Since there are more than one fs affected by this, we may need to find a way in the VFS.

Regards,
Tao

> The UML Kernel also crashes after this message, with:
>
> Modules linked in: nfsd exportfs nfs lockd nfs_acl auth_rpcgss sunrpc cryptomgr aead crc32c crypto_hash crypto_algapi iscsi_tcp libiscsi_tcp libiscsi scsi_transport_iscsi scsi_mod binfmt_misc [last unloaded: libosd]

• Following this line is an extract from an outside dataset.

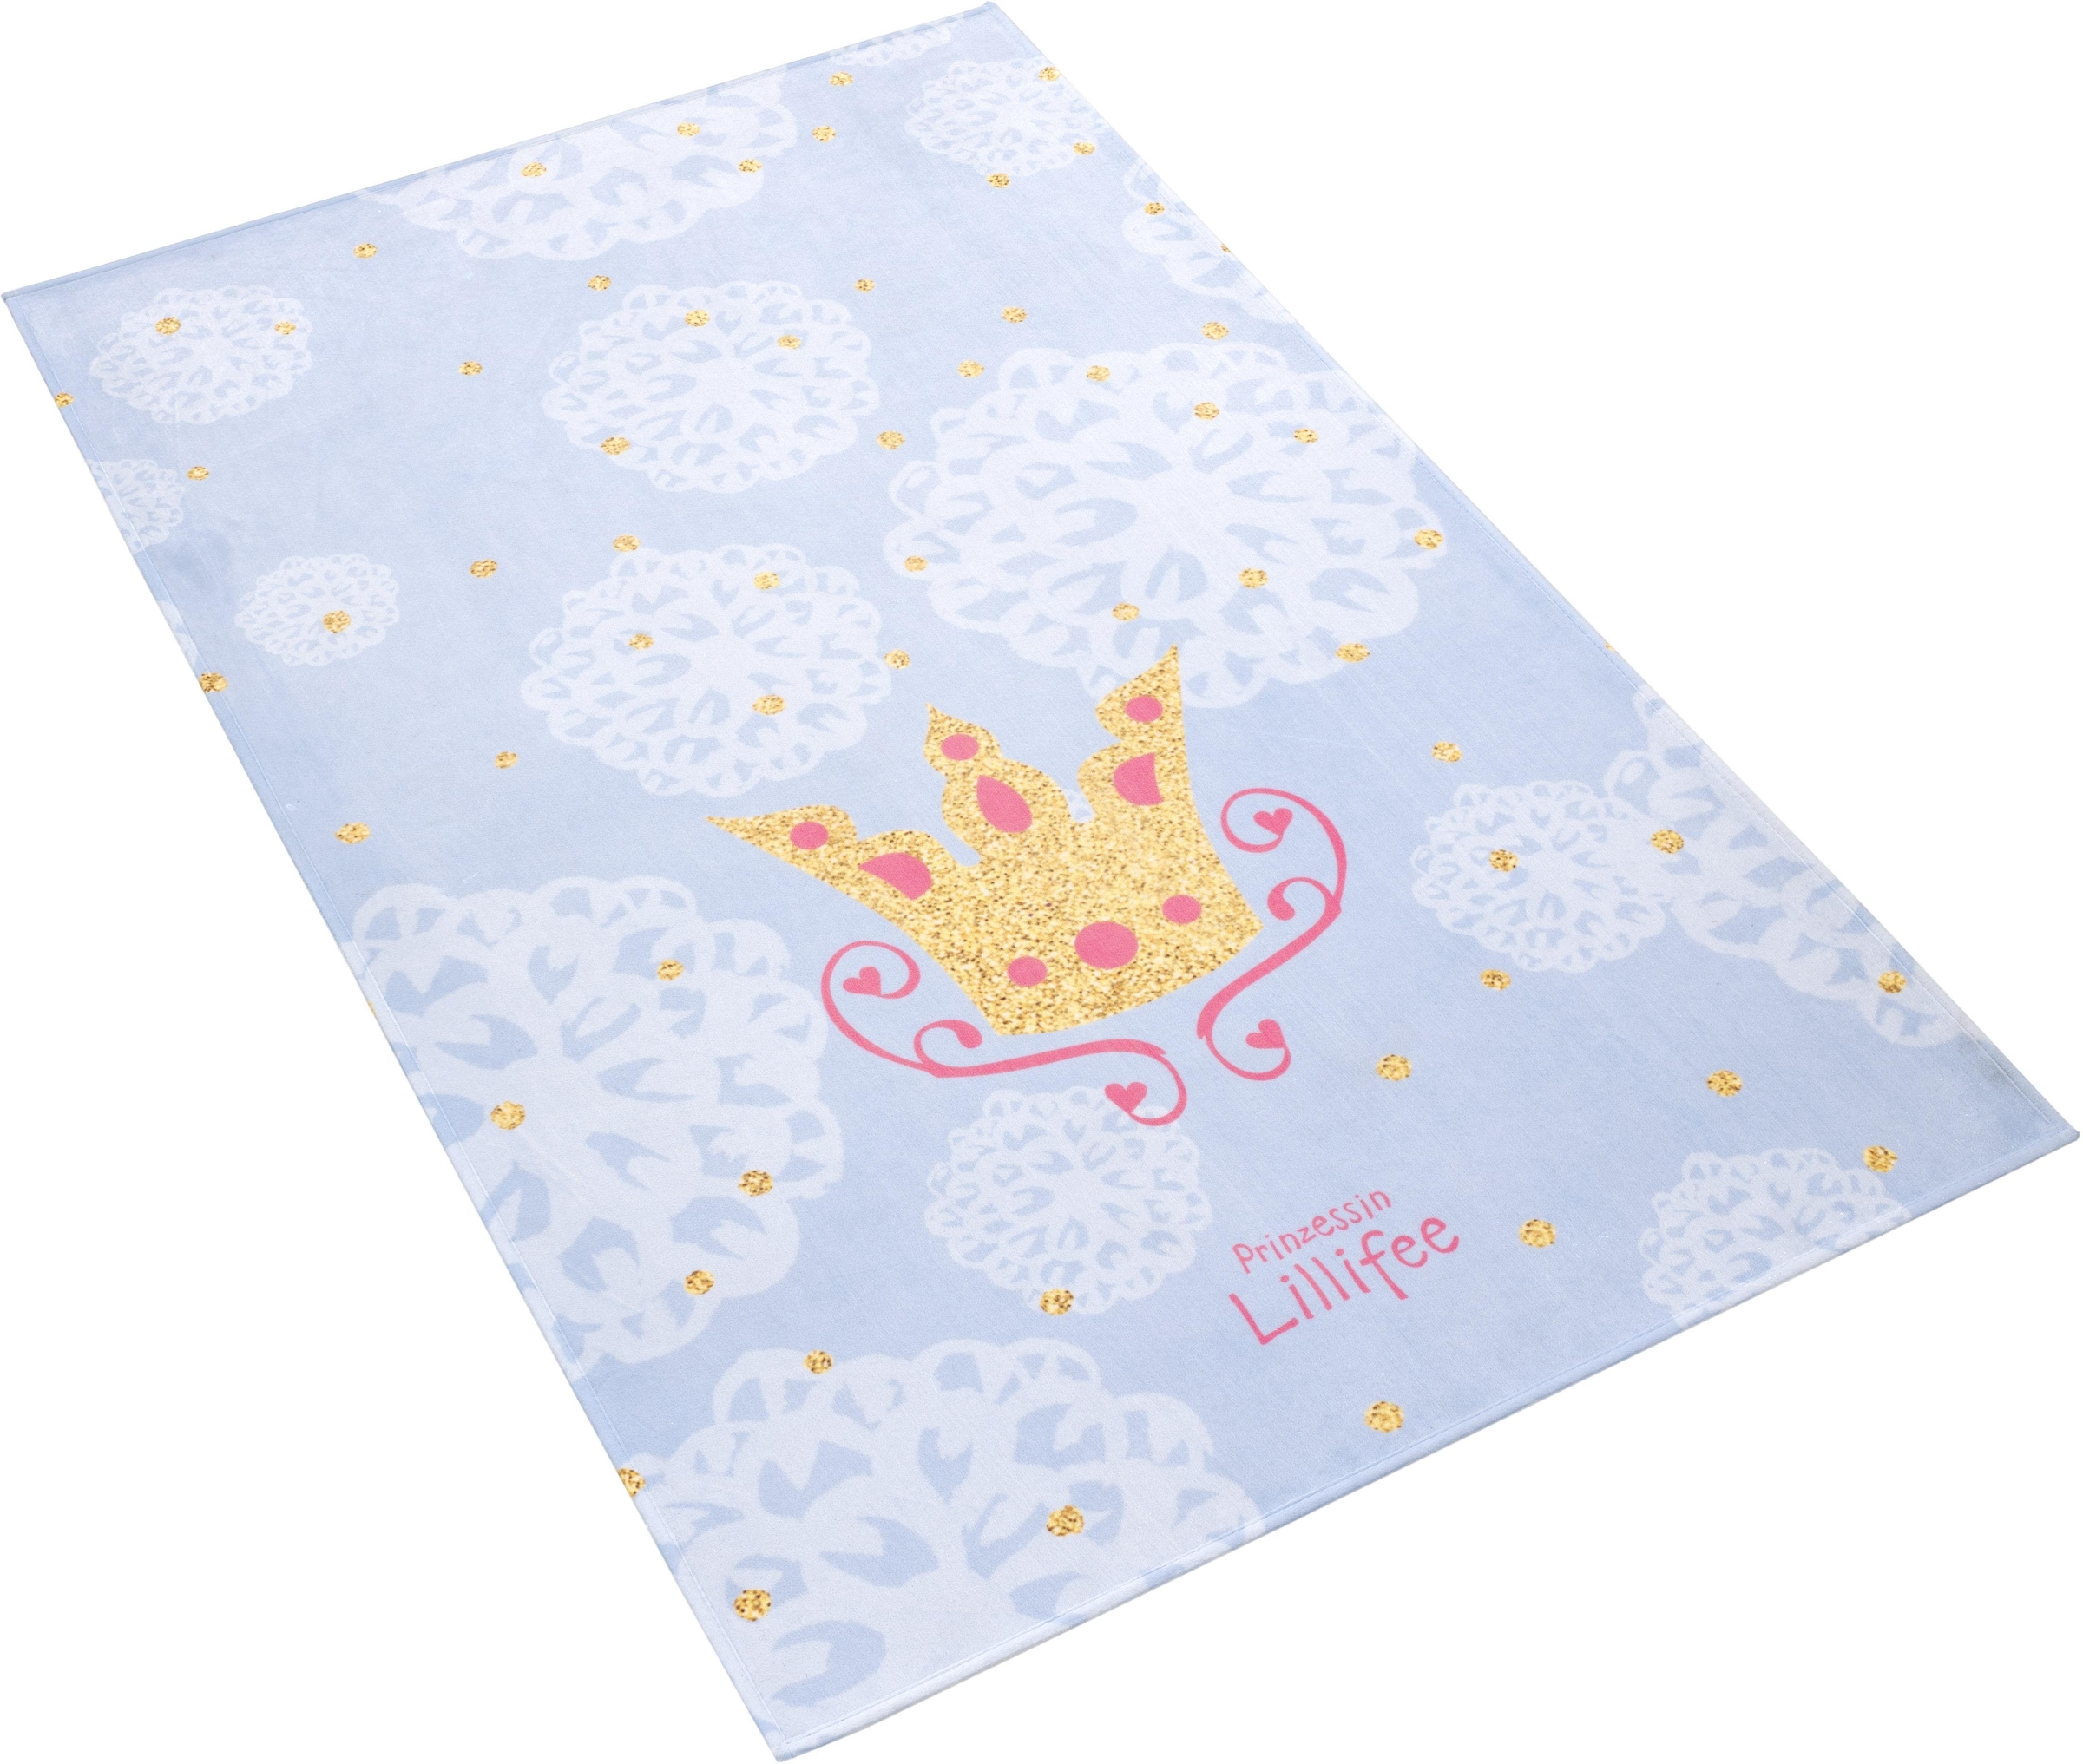 Prinzessin Lillifee Kinderteppich »LI-114«, rechteckig, bedruckter Stoff, Motiv Krone, weiche Microfaser, Kinderzimmer

> Pid: 6, comm: rcu_kthread Not tainted 2.6.38-rc3+
> RIP: 0033:[<000000007c1fa0e7>]
> RSP: 000000007943be18 EFLAGS: 00010246
> RAX: 000000007943a000 RBX: 000000007937bb80 RCX: 0000000000000095
> RDX: 000000007937c8b8 RSI: 0000000077fb6c80 RDI: 000000007937bb80
> RBP: 000000007943be40 R08: 000000007943be10 R09: 000000007943a000
> R10: 0000000000000000 R11: 0000000000000000 R12: 00000000795123e0
> R13: 0000000000000001 R14: 0000000000000000 R15: 000000000000000a
> Call Trace:
> 602678f8: [<600144ed>] segv+0x70/0x212
> 60267928: [<6001cd9e>] ubd_intr+0x72/0xdf
> 60267988: [<601b778e>] _raw_spin_unlock_irqrestore+0x18/0x1c
> 602679d8: [<600146ee>] segv_handler+0x5f/0x65
> 60267a08: [<60021488>] sig_handler_common+0x84/0x98
> 60267ab0: [<60130926>] strncpy+0xf/0x27
> 60267b38: [<600215ce>] sig_handler+0x30/0x3b
> 60267b58: [<60021800>] handle_signal+0x6d/0xa3
> 60267ba8: [<60023180>] hard_handler+0x10/0x14
>
> Kernel panic - not syncing: Segfault with no mm
> Call Trace:
> 602677f8: [<601b52b1>] panic+0xea/0x1e6
> 60267818: [<6007e299>] kmem_cache_free+0x54/0x5f
> 60267850: [<6005342e>] __module_text_address+0xd/0x53
> 60267868: [<6005347d>] is_module_text_address+0x9/0x11
> 60267878: [<6004290c>] __kernel_text_address+0x65/0x6b
> 60267880: [<60023180>] hard_handler+0x10/0x14
> 60267898: [<6001345e>] show_trace+0x8e/0x95
> 602678c8: [<60026c40>] show_regs+0x2b/0x2f
> 602678f8: [<60014577>] segv+0xfa/0x212
> 60267928: [<6001cd9e>] ubd_intr+0x72/0xdf
> 60267988: [<601b778e>] _raw_spin_unlock_irqrestore+0x18/0x1c
> 602679d8: [<600146ee>] segv_handler+0x5f/0x65
> 60267a08: [<60021488>] sig_handler_common+0x84/0x98
> 60267ab0: [<60130926>] strncpy+0xf/0x27
> 60267b38: [<600215ce>] sig_handler+0x30/0x3b
> 60267b58: [<60021800>] handle_signal+0x6d/0xa3
> 60267ba8: [<60023180>] hard_handler+0x10/0x14
>
>
> Modules linked in: nfsd exportfs nfs lockd nfs_acl auth_rpcgss sunrpc cryptomgr aead crc32c crypto_hash crypto_algapi iscsi_tcp libiscsi_tcp libiscsi scsi_transport_iscsi scsi_mod binfmt_misc [last unloaded: libosd]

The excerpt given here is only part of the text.